Помолчав, сказала строже, с выговором каждого слова:
– Я, Екатерина, не долго протяну: не столько стара я, сколько, как видишь, безвременно немощна и вымотана. И сердце – не сердце уже, а окаменелость какая-то. Чтó кровь всё ещё проталкивает по жилам – непонятно. Да, скоро помру.
– Что вы, Евдокия Павловна!
– Молчи, слушай! Не хочу, чтоб дом… наш дом… достался каким-нибудь злыдням. На тебя перепишу.
– Что вы, Евдокия Павловна!
– Молчи, сказала! Ты сначала послушай, какие здесь люди жили, а потом отказывайся. Нельзя, чтоб сюда кто случайный въехал. А ты останешься, – совьёшь гнездо. Мы же с неба будем смотреть на тебя и на твоих деток с благоверным твоим, как живёте-можете вы в этом нашем всеобщем и, несмотря ни на что, Божьем, да, да, Божьем мире. И будем радоваться, тешиться.
Волнение перебило дыхание старушки, и она замолчала, полежала с призакрытыми глазами.
Екатерина склонила голову. Ей хотелось заплакать, зарыдать, излившись до глубин душою. Сказать, вот я какая, вот что со мной, Евдокия Павловна дорогая, но – не посмела перед женщиной, потерявшей всех своих детей и мужа.
– Наш мир разве Божий? – невольным шепоточком спросила она, словно бы у тишины этой комнаты с фотографиями и иконами.
– Верь: мир наш Божий, и все человеки Земли Боговы, – сурово, но и ласково одновременно посмотрела на неё старая женщина. – Говорю тебе потому так, что я несломленная, а убитая. А кому, как не мертвецам, знать больше правды, чем вам, живым?
– Что вы такое говорите!
– Я знаю, чтó говорю. Я пока ещё здесь… телом своим бренным и больным. Но душа моя уже давно не здесь, а там, высоко-высоко, далеко-далеко.
Обе долго, но легко помолчали.
Наконец, старая женщина заговорила, и голос её звучал хотя и тихо, с трещинками, но ясно и чисто:
Глава 34
– Слушай, дочка, и запоминай крепко: когда-нибудь кому-нибудь, может быть, расскажешь или только сердце твоё будет знать и помнить.
Жили-были здесь мы – простая русская семья Елистратовых: муж мой, офицер, батальонный командир из Красных казарм, Платон Андреевич Елистратов, в прошлом георгиевский кавалер, участник Японской и Первой мировой войн, я, учительница, хотя и крестьянского происхождения, но выпускница Девичьего института Восточной Сибири имени императора Николая Первого, или ещё его называли институтом благородных девиц.
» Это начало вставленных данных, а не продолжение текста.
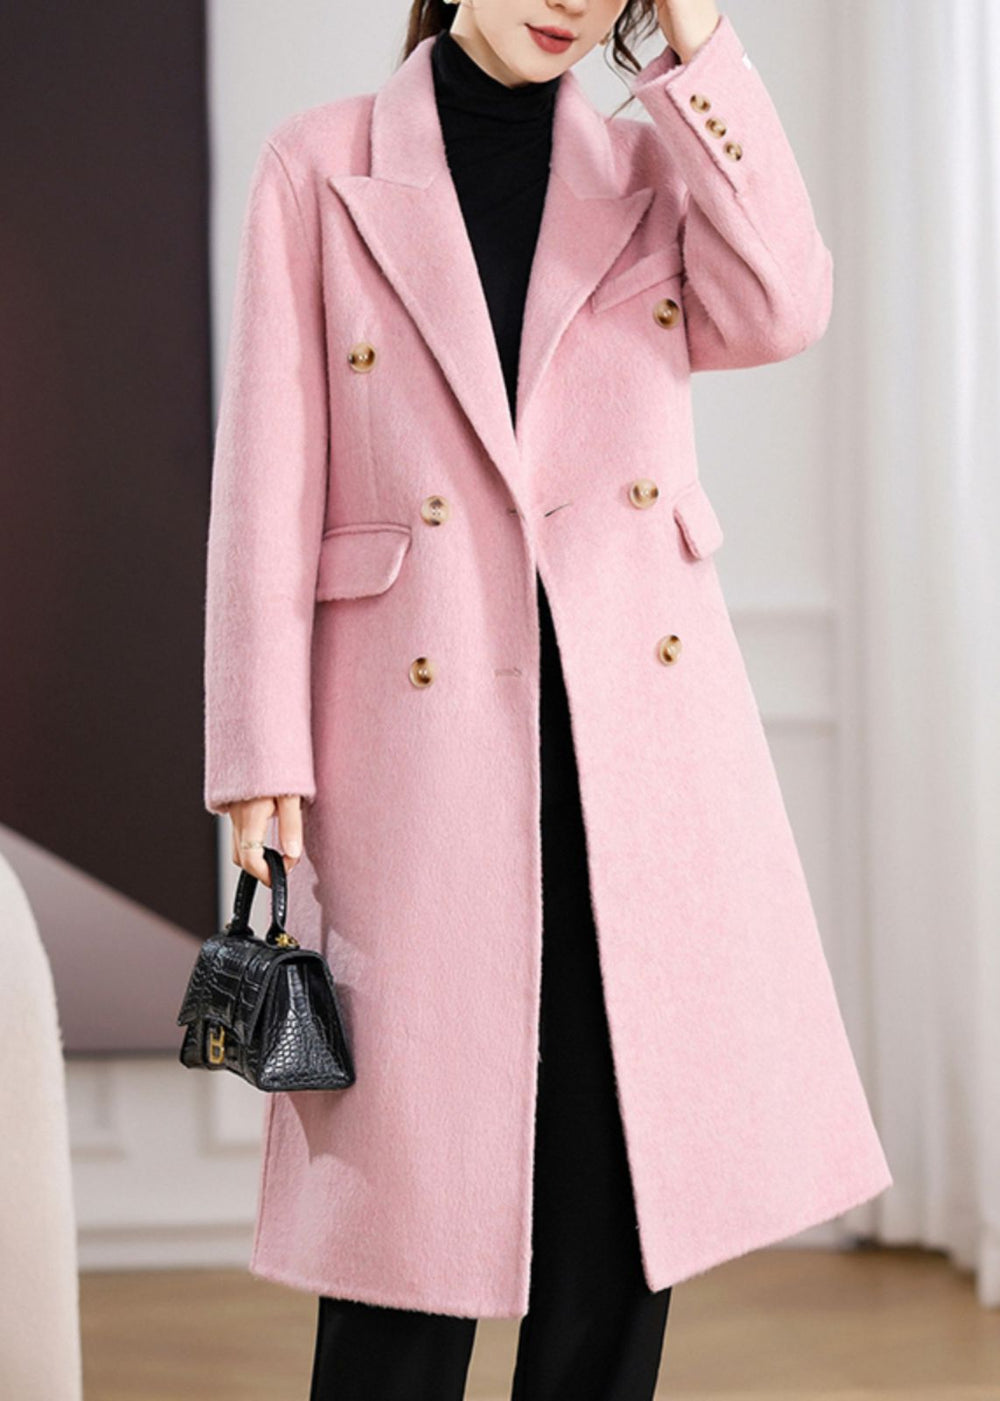 Coats & Jackets | Vivian Seven

А потому, поясню тебе, я туда попала, что батюшка мой, Павел Саввич Конюхов, был зажиточным, как говорили и писали в официальных бумагах – многомочным. И наши детки с нами жили – доченька Марьюшка, двух лет от роду умерла от кори, да два сыночка – Сашенька, Александр, старший, студентом был Ленинградского технологического института, на инженера учился, мечтал строить гидростанции, и Пашенька, младший, наш поздненький, заскрёбыш, в сорок третьем на фронт ушёл и – не вернулся. Вот они все надо мной. На тебя смотрят. Смо-о-отрят, ро-о-одненькие. Видать, приглядываются: кто ты такая, чем дышишь, доброй ли будешь здесь хозяйкой.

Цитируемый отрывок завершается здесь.